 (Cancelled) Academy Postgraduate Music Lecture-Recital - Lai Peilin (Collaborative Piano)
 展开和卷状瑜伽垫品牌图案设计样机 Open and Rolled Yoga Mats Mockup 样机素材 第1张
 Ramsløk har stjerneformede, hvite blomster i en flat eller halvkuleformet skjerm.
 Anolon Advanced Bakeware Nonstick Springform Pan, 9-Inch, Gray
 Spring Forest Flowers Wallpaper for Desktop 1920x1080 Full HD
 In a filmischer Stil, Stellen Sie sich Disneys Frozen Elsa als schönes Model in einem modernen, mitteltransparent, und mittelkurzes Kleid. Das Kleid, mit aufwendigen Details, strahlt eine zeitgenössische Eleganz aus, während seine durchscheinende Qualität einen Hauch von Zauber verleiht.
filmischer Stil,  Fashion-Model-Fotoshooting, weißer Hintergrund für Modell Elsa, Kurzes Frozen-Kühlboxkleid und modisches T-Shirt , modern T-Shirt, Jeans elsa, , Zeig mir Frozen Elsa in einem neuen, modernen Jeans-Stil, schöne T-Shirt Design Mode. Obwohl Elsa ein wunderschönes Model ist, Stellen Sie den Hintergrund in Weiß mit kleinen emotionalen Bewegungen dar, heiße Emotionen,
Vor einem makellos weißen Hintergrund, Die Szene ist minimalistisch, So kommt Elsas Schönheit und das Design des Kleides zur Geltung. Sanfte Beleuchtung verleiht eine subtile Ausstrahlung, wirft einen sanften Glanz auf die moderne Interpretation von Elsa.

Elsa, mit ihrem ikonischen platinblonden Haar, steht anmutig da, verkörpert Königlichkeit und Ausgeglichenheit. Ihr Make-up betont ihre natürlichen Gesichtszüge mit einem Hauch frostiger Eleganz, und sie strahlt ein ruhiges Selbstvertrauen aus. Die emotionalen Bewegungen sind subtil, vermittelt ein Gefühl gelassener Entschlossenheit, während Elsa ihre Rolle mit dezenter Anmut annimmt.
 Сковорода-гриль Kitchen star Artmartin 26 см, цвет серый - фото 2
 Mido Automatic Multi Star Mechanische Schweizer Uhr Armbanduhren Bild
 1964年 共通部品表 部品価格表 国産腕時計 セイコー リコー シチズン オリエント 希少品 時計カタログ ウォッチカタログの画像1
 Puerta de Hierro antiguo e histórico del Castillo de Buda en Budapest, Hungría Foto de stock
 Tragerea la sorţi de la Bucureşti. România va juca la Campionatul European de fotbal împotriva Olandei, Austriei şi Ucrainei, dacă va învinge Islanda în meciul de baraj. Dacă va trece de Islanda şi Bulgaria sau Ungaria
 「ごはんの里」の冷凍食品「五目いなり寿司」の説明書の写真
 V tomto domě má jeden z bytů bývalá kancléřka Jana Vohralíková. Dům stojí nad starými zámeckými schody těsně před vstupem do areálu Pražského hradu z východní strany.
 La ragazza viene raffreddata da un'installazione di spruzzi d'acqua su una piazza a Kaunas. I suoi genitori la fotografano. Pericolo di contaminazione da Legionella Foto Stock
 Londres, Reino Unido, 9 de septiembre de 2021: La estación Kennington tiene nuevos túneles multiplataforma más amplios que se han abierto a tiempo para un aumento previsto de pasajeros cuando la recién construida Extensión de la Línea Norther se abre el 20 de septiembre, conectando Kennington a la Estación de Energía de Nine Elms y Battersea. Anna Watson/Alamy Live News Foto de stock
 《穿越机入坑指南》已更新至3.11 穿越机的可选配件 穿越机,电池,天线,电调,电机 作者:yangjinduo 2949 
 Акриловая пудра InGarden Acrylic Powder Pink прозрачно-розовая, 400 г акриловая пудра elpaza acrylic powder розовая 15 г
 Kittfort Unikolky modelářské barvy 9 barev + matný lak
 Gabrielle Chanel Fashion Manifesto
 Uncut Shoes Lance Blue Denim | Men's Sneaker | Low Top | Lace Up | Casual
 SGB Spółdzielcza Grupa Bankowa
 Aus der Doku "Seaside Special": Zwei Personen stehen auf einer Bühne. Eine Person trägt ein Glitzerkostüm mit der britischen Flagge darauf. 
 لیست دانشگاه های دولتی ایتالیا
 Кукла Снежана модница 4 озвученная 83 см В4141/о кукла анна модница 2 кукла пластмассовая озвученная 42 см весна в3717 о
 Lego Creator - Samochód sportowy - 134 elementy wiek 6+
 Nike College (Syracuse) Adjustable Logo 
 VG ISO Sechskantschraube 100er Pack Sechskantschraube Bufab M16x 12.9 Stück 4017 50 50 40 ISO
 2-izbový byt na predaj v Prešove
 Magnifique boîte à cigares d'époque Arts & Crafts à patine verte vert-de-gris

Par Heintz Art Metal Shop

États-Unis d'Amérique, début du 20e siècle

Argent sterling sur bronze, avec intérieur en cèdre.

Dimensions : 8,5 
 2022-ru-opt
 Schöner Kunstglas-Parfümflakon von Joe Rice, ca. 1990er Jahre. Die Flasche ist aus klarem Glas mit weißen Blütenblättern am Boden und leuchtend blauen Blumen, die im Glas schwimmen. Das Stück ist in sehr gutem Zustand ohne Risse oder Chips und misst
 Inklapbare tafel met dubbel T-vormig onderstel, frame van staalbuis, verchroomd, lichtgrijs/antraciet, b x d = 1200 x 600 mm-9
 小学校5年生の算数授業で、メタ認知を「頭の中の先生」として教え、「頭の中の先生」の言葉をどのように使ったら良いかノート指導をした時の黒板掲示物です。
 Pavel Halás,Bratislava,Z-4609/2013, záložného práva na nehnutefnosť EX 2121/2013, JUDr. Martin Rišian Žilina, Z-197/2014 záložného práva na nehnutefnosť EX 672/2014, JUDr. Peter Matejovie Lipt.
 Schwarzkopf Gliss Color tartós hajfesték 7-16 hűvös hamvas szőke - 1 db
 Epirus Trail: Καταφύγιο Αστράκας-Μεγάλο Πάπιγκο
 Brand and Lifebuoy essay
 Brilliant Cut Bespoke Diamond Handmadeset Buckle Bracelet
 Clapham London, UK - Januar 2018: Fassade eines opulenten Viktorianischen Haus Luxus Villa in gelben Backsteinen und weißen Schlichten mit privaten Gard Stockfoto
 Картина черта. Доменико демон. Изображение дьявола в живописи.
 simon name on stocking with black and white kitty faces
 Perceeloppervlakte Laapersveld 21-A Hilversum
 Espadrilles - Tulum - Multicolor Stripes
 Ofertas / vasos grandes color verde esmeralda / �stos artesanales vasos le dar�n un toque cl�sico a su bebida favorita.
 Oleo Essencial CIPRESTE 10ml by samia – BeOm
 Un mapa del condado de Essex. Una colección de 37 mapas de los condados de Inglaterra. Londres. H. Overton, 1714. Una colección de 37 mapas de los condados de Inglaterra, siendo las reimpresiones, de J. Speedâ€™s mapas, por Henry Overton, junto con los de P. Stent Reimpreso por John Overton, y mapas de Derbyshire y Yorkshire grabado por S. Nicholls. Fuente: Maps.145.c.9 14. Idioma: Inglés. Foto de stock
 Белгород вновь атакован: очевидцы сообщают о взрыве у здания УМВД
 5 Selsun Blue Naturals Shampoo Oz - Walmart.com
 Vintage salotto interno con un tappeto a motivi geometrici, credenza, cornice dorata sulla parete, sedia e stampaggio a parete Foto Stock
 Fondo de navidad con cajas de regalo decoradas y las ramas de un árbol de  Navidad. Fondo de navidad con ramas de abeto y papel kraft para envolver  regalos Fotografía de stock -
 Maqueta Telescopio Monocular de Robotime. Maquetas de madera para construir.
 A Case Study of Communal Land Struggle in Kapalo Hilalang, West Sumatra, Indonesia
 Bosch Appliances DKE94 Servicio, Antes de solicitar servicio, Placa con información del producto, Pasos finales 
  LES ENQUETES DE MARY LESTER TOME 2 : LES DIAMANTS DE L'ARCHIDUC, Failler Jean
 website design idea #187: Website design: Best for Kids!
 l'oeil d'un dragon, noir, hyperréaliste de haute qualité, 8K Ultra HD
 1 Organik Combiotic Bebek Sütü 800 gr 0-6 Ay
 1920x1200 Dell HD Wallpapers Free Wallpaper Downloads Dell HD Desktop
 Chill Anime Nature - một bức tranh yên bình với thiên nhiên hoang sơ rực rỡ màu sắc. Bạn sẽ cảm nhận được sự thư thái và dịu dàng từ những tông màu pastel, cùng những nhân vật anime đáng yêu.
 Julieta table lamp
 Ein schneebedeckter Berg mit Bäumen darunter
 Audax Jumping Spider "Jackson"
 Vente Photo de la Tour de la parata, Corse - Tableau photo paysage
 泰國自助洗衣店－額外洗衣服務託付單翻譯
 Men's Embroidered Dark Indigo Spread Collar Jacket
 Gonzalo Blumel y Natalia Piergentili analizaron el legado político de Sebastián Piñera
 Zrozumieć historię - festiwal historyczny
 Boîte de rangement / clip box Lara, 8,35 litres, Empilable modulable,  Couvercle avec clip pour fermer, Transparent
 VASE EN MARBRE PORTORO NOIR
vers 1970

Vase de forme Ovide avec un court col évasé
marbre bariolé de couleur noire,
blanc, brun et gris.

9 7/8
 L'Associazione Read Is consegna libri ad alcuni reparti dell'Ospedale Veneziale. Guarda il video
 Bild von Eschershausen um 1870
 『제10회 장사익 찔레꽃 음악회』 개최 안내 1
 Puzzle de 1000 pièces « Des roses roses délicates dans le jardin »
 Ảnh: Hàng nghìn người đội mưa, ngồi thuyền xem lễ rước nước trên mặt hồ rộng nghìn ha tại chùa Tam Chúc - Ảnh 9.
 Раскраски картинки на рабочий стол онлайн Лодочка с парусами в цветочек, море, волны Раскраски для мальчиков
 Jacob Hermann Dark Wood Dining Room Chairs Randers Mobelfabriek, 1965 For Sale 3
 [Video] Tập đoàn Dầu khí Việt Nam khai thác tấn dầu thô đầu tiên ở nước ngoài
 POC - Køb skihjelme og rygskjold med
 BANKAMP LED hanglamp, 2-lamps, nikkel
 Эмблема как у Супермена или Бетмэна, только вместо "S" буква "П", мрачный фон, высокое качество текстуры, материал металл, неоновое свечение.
= = = = = = =
§ **ASSIGNED TASK**
Starting with the line that contains "marbre bariolé de", return each line through the last one of the data above, exactly as written and nothing more.

§ **SOLVED EXERCISE**
marbre bariolé de couleur noire,
blanc, brun et gris.

9 7/8
 L'Associazione Read Is consegna libri ad alcuni reparti dell'Ospedale Veneziale. Guarda il video
 Bild von Eschershausen um 1870
 『제10회 장사익 찔레꽃 음악회』 개최 안내 1
 Puzzle de 1000 pièces « Des roses roses délicates dans le jardin »
 Ảnh: Hàng nghìn người đội mưa, ngồi thuyền xem lễ rước nước trên mặt hồ rộng nghìn ha tại chùa Tam Chúc - Ảnh 9.
 Раскраски картинки на рабочий стол онлайн Лодочка с парусами в цветочек, море, волны Раскраски для мальчиков
 Jacob Hermann Dark Wood Dining Room Chairs Randers Mobelfabriek, 1965 For Sale 3
 [Video] Tập đoàn Dầu khí Việt Nam khai thác tấn dầu thô đầu tiên ở nước ngoài
 POC - Køb skihjelme og rygskjold med
 BANKAMP LED hanglamp, 2-lamps, nikkel
 Эмблема как у Супермена или Бетмэна, только вместо "S" буква "П", мрачный фон, высокое качество текстуры, материал металл, неоновое свечение.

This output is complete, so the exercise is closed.